The invention characterizes the iron-nitrogen co-doped pharmaceutical sludge biochar (PZBC 800U) prepared in the embodiment 1, and the obtained transmission electron microscope photograph is shown in figure 1; as can be seen from FIG. 1, the morphology and lattice fringe spacing of the pharmaceutical sludge biochar in example 1 are as follows and Fe reported in the literature x N is consistent, which indicates that Fe is formed in the biochar during the preparation process x N structure.
Example 6
Wastewater treatment at different pH conditions:
five pH gradients of 3.0, 5.0, 6.5, 8.0 and 10.0 were set for single variable experiments of pH. The Fe is rich x The pharmaceutical sludge biochar with the N structure is PZBC800U in example 1, and the other conditions are the same as those in example 1 except that the pH value of the levofloxacin pharmaceutical wastewater is different. The results of levofloxacin removal are shown in fig. 6:
EXAMPLE 7 Effect of wastewater treatment with various fluoroquinolone antibiotics
The treatment effect of various antibiotic wastewater is as follows:
the charcoal is PZBC800U in example 1, the wastewater is treated by secondary charcoal of a wastewater treatment system of a fluoroquinolone antibiotic production enterprise, and the water quality is pH 7.1, COD 410.1 + -82.9 mg/L and ammonia nitrogen 2.8mg/L.
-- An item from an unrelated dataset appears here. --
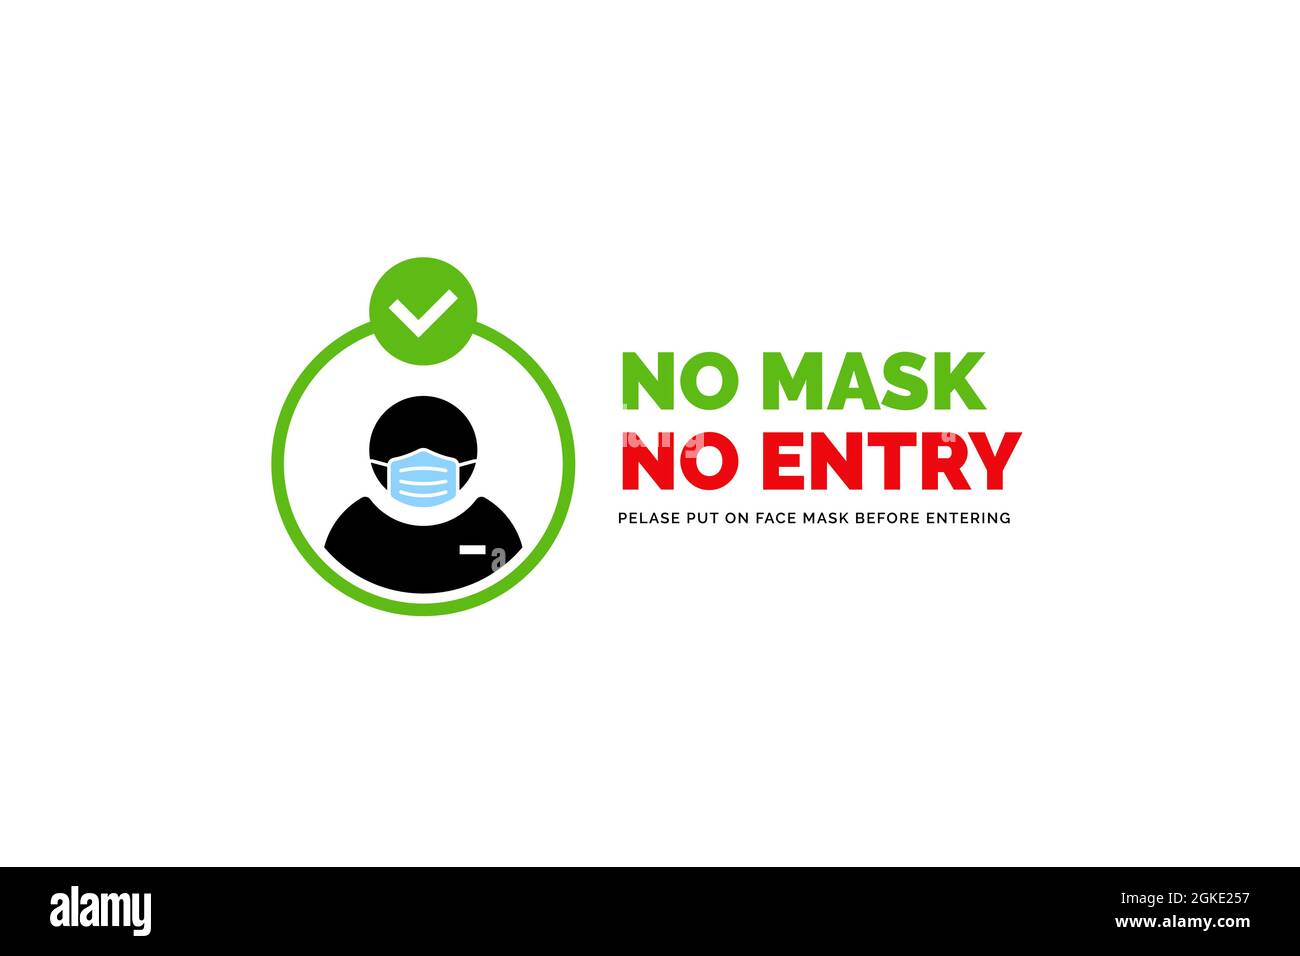 Warnschild für Gesichtsmaske erforderlich. Keine Gesichtsmaske, kein Eintrittsschild. Menschliche Silhouette mit Gesichtsmaske in abgerundetem Rahmen. Stockfoto

Table 2 7 antibiotic removal effects
It can be seen that the Fe-rich alloy is utilized x Pharmaceutical sludge generator with N structureThe method for deeply treating the fluoroquinolone antibiotic pharmaceutical wastewater by using the charcoal has good treatment effect on common fluoroquinolone antibiotic pharmaceutical wastewater.
Comparative example 1
The comparative example provides a method for deeply treating fluoroquinolone antibiotics pharmaceutical wastewater by using pharmaceutical sludge biochar, which comprises the following specific steps:
(1) Mixing Fenton iron mud with pharmaceutical sludge with weight of 10%, press-filtering and dewatering to obtain pharmaceutical sludge cake, oven drying to constant weight, grinding, sieving with 60 mesh sieve, and mixing with 5mol/L ZnCl 2 Mixing the aqueous solutions, carrying out modification pretreatment, and drying to obtain pretreated pharmaceutical sludge; then put it in N 2 Under protection, N 2 The flow rate is 0.1L/min, the heating rate is 10 ℃/min, the temperature is raised to 800 ℃ for pyrolysis for 1.5 hours, the mixture is washed by 5% hydrochloric acid by volume fraction after cooling, the pH is regulated to 7 by deionized water, and the pharmaceutical sludge biochar (labeled as PZBC 800) which is not doped with nitrogen is obtained.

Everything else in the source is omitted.